[Art_beyond_sight_learning_tools] Ancient maps soon online - audible maps for the visually impaired
Lisa Yayla
fnugg at online.no
Thu Feb 23 08:34:12 CST 2006
http://www.herald-sun.com/orange/10-703770.html
Hi,
This sounds very interesting and will have audible maps for the visually
impaired.
Regards,
Lisa
*
http://www.herald-sun.com/orange/10-703770.html
Ancient maps to soon go online*
February 19, 2006 5:43 pm
CHAPEL HILL -- While they may study places and people that are thousands
of years old, scholars at UNC are at the forefront of modernizing
antiquity.
Researchers long have had to dip into hefty and static atlases to study
the stomping grounds of Alexander the Great or the Roman emperors, but
they soon will be able to do so on a comprehensive, open-source database
on the Internet -- thanks to UNC's Ancient World Mapping Center.
The group started the project this month with the help of a $390,000
grant from the National Endowment for the Humanities. Mapping center
leaders hope the online project will serve as a template for other
humanities scholars to incorporate technology into their research.
"You think it's all so old, boring and crusty," Richard Talbert,
principal investigator of the project, said of the classics. "But it's
not."
Talbert, a history and classics professor at UNC, spent 12 years editing
the last large atlas of classical lands. The Barrington Atlas of the
Greek and Roman World, which was published in 2000, was the first work
of its kind since the 1870s.
The book's 100 maps illustrate the classical world -- from the British
Isles to the Indian subcontinent and into North Africa -- from 1000 B.C.
to 640 A.D.
Praised by scholars, the volume does have limitations. The printed maps
don't allow for easy inclusion of new discoveries. And at about three
feet long and costing around $350, the book is not always accessible for
readers.
"The more I got into it, I realized that this was likely only a
beginning," Talbert said of his work on the Barrington Atlas.

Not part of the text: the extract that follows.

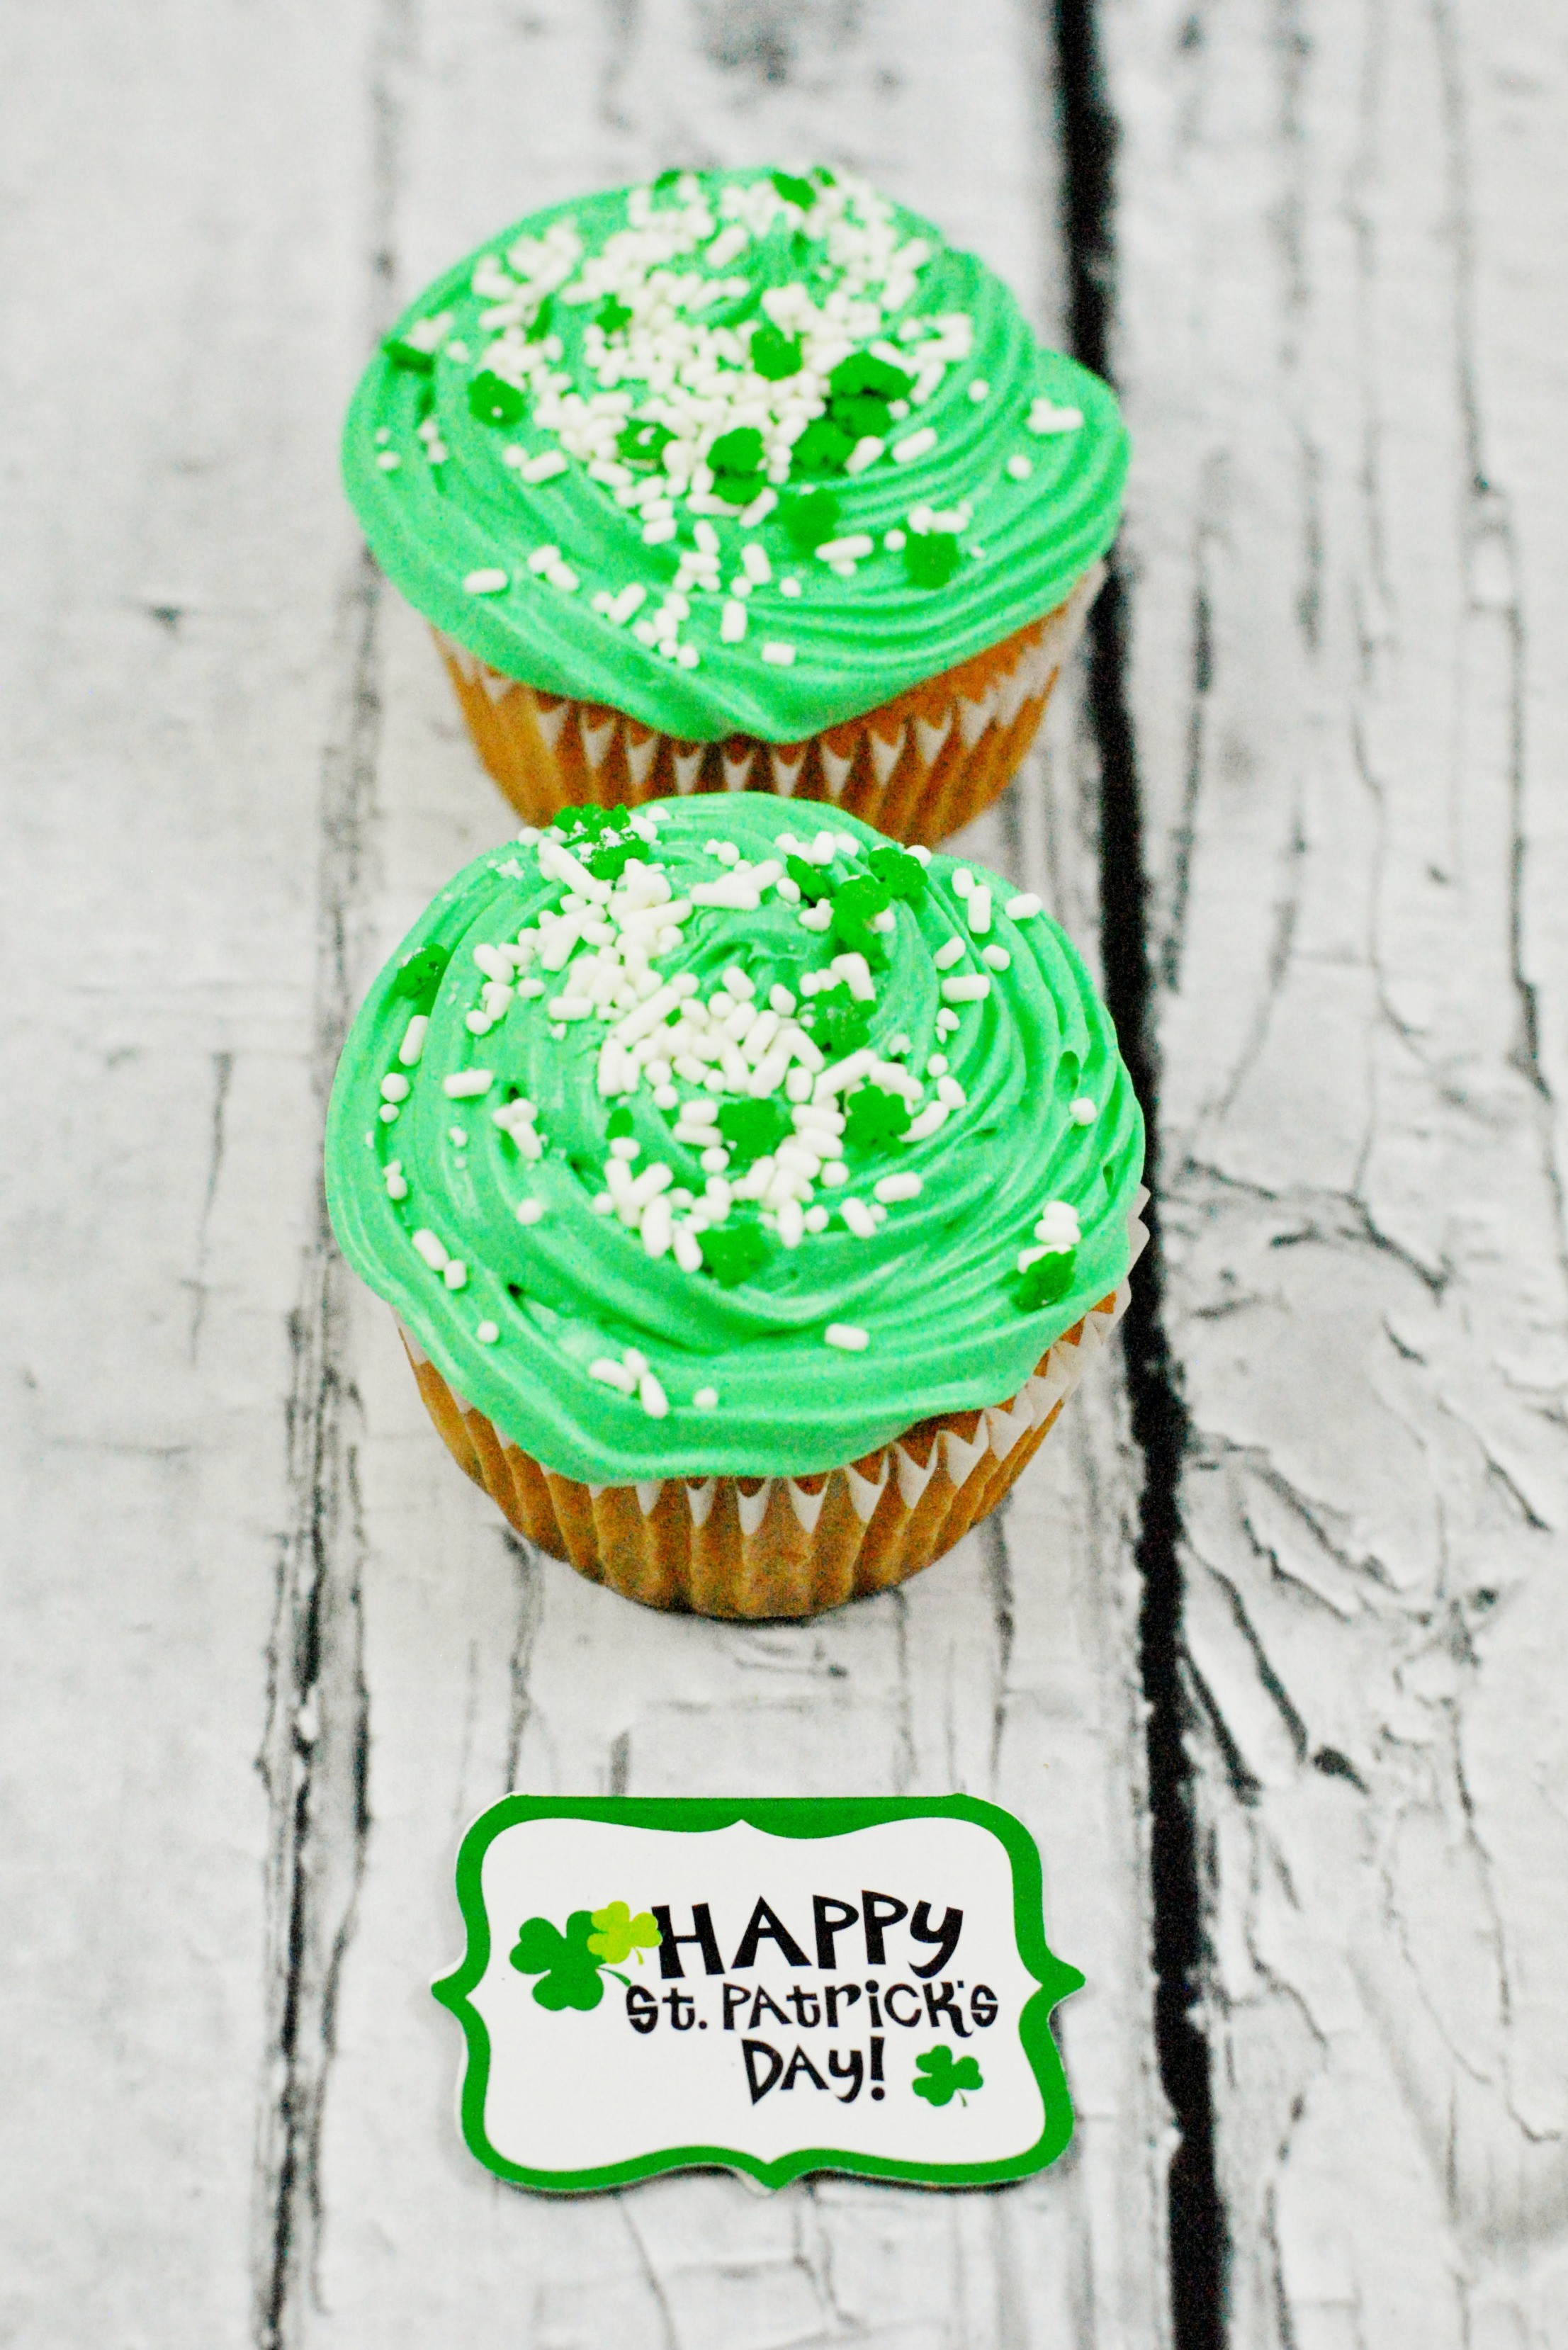 St. Patrick’s Day Surprise Inside Cupcake Recipe

Soon after that volume was published, the Ancient World Mapping Center
was born at UNC and, with it, the idea to digitalize the maps.
The center also works on online and printed maps for beginning students,
and audible maps for the visually impaired. The newest project is called
Pleiades, after the daughters of Atlas in ancient mythology.
Pleiades' director, Tom Elliott, has a background in both the old and
the new. He earned a bachelor's degree in computer science from Duke and
a doctoral degree in ancient history from UNC.
Pleiades, which will bring the information from the Barrington Atlas
online, will minimize some of the disadvantages of the printed text,
Elliott said. For one, scholars can easily alter the maps to include new
discoveries.
The online database also will emphasize collaboration. Somewhat like the
Web site Wikipedia, anyone -- from university professors to casual
students of antiquity -- can suggest updates to the maps. Pleiades will
have a team of editors review the suggestions for accuracy.
The site also will connect with databases at other universities. Site
visitors looking for a place on a map also may be able to find an
overview of excavations that occurred there or listings of where it is
mentioned in literature.
Elliott said he hoped the endeavor would lead other humanist scholars to
incorporate technology into their research. The link is more intuitive
in the sciences, and researchers in the humanities often have little
training in the ways that technology can enhance their research, he said.